Theres so much inner conflict right now. I need to vent or I’ll implode! I’ve been sober for a good amount of time and now that the water is calm, I see more clearly. I was drinking to devoid myself from facing reality and I was slowly harboring those negative emotions inside me with each drink. Those bottled emotions reared its ugly head when I started my sobriety journey. It came out unexpectedly and randomly. It was expressed through crying. I cried for days…weeks…months. I allowed myself to feel the emotions that was suppressed inside for years. Crying allowed me to grieve, to heal, to move forward. This was my rock bottom. This is when I see who has unconditional love for me, during my darkest times. The ones that have judged me and treat me poorly during my recovery are unfortunately my S.O. family members. They loathe me and make it known that they’ll never look past my drinking addiction and will always look down on me as a drunk. My S.O. has gone down the same rabbit hole and has stopped drinking as well. However, his family, has unconditional love for him and regards him as heroic and commends him for his recovery. DO YOU SEE THE DOUBLE STANDARD HERE? You can’t force relationships and I’ve concluded that I was never regarded/respected as a family member. They use my past addiction as a reason to validate their disrespect towards me. My S.O. cannot say or do anything to possibly change this. Afterall, you can’t change spots on a leopard.

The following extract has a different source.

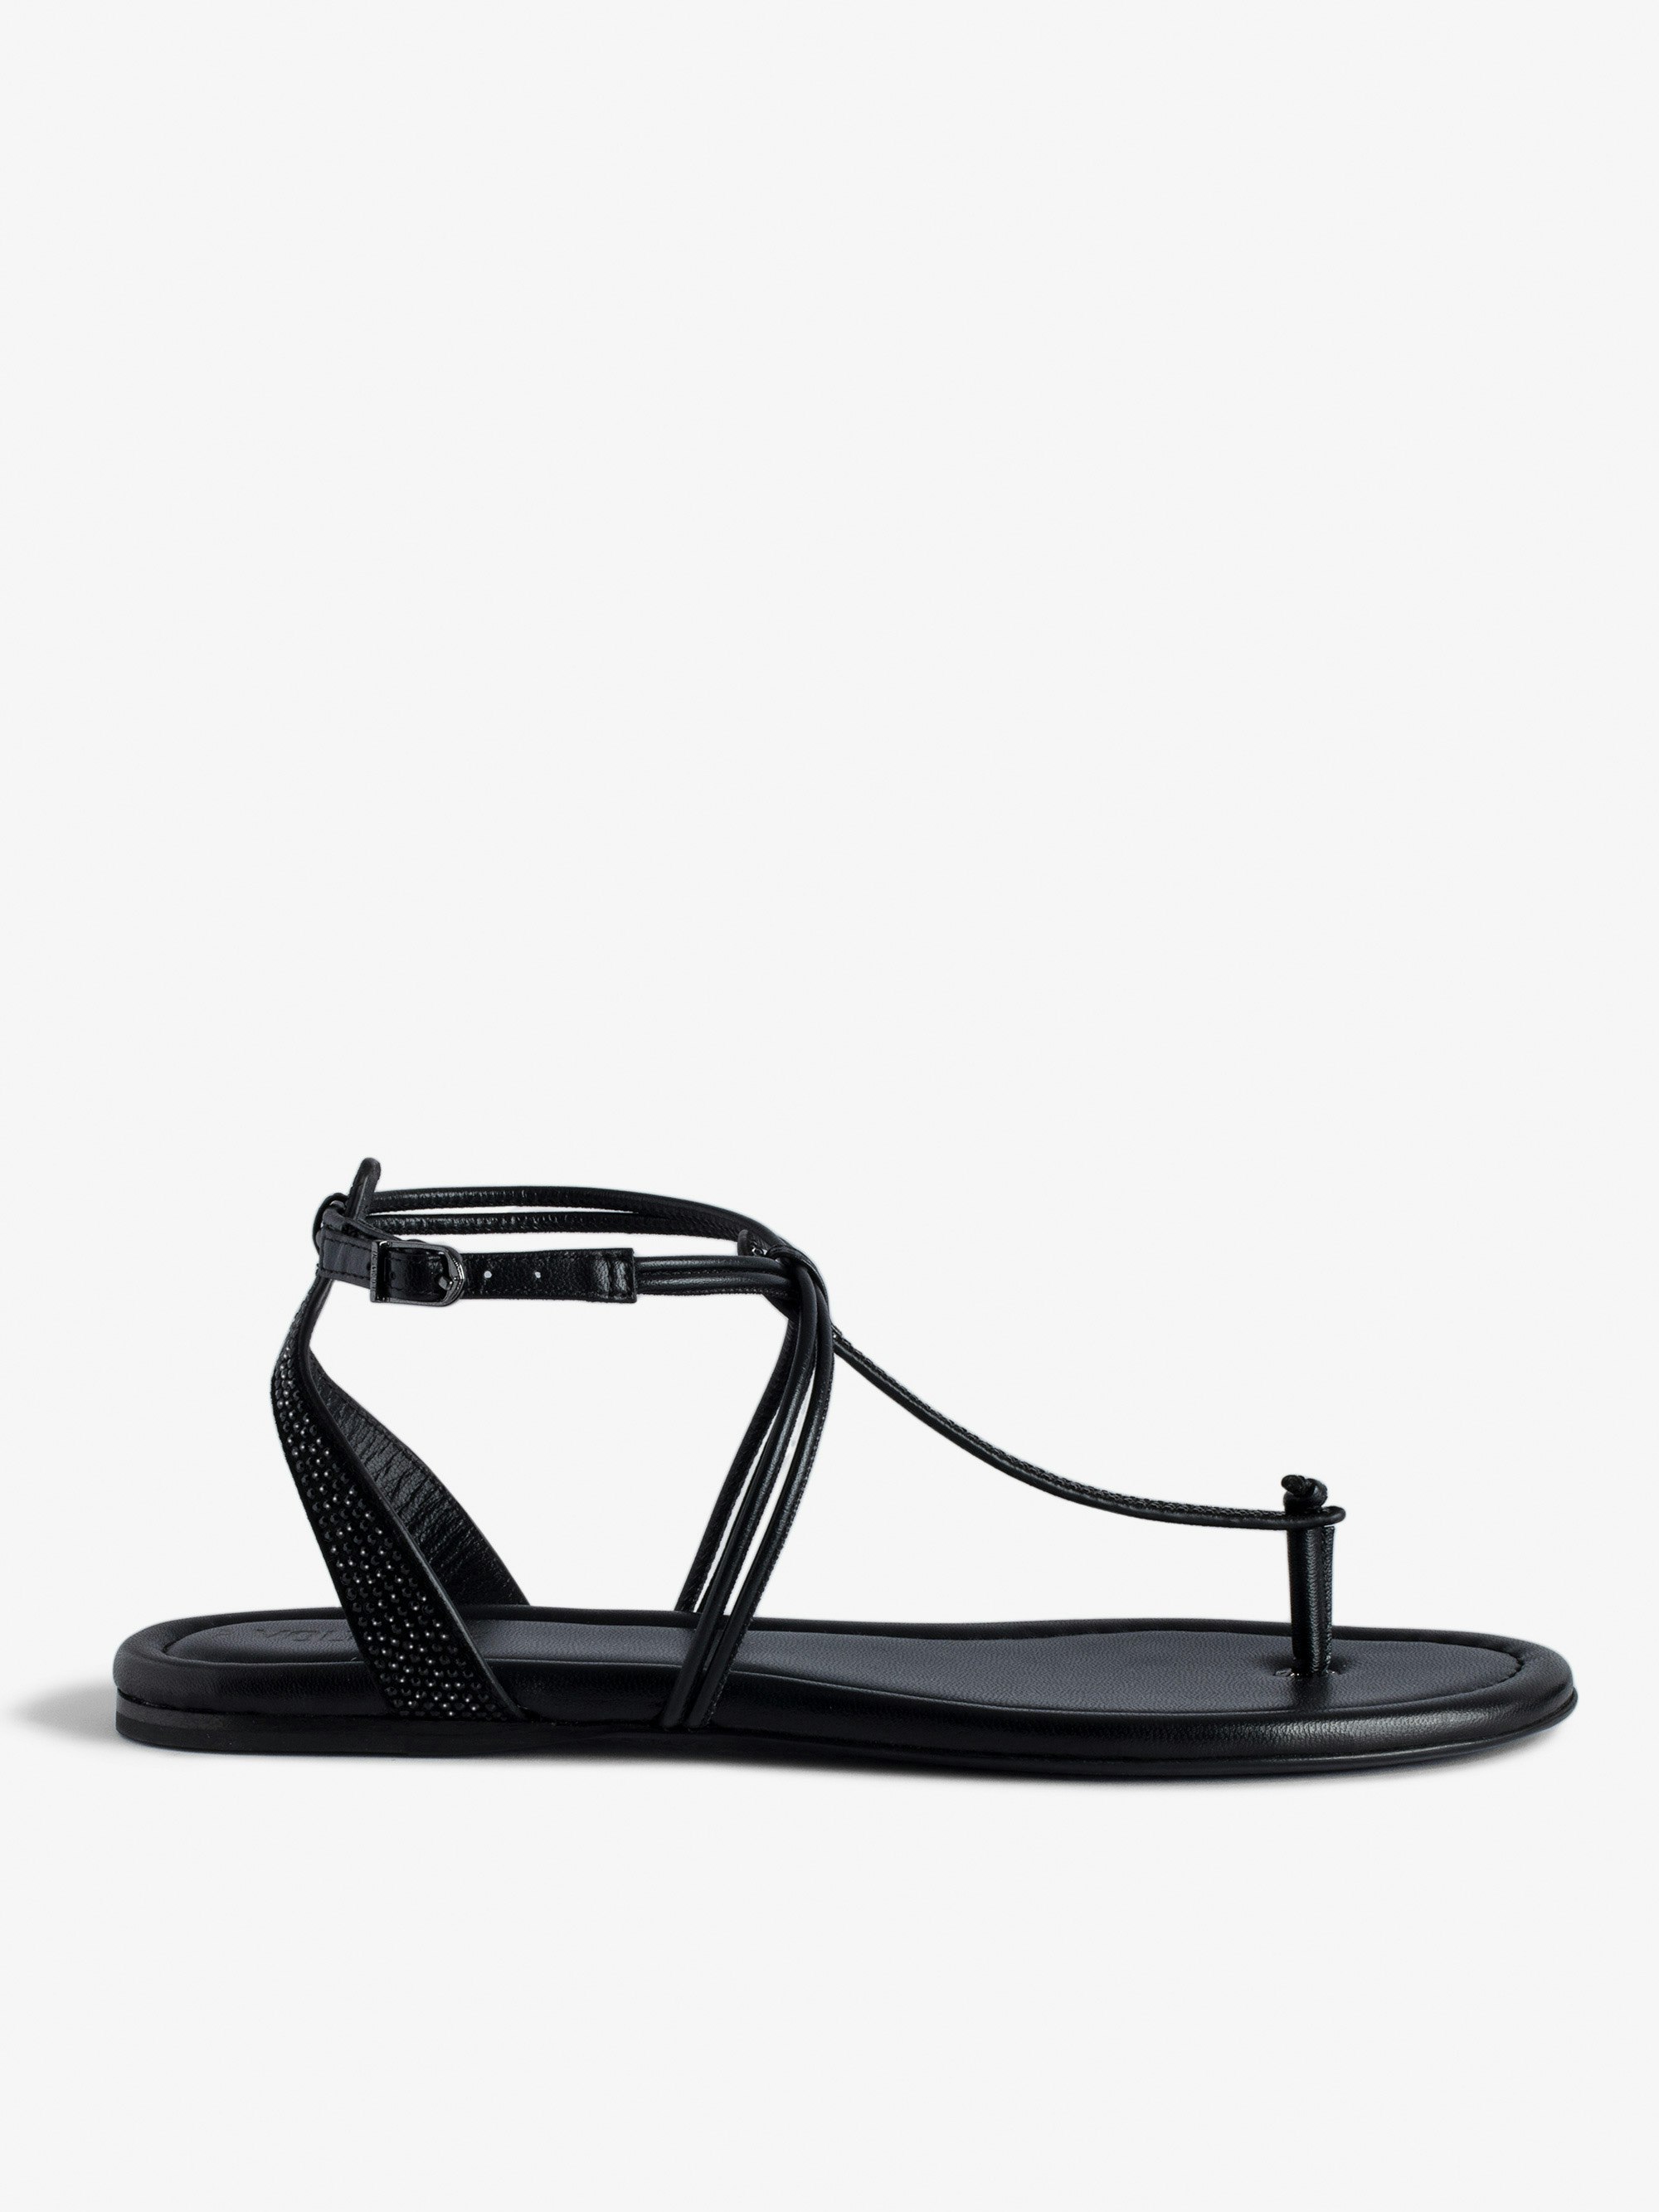 Moonstar Suede Sandals - Black suede sandals with adjustable buckle and straps with Swarovski® rhinestone.

The line is definitely drawn in the sand where I stand in their food chain of family dynamic. I want nothing to do with this unhealthy/toxic environment. I’ve recognized I’m at a crossroad where I will trim more fat off my inner circle to advance forward in my journey towards sobriety. Boundaries will be set, bridges will be burnt, relationships will end. This will be hard and hurtful but necessary. Anyone out there that can relate to this?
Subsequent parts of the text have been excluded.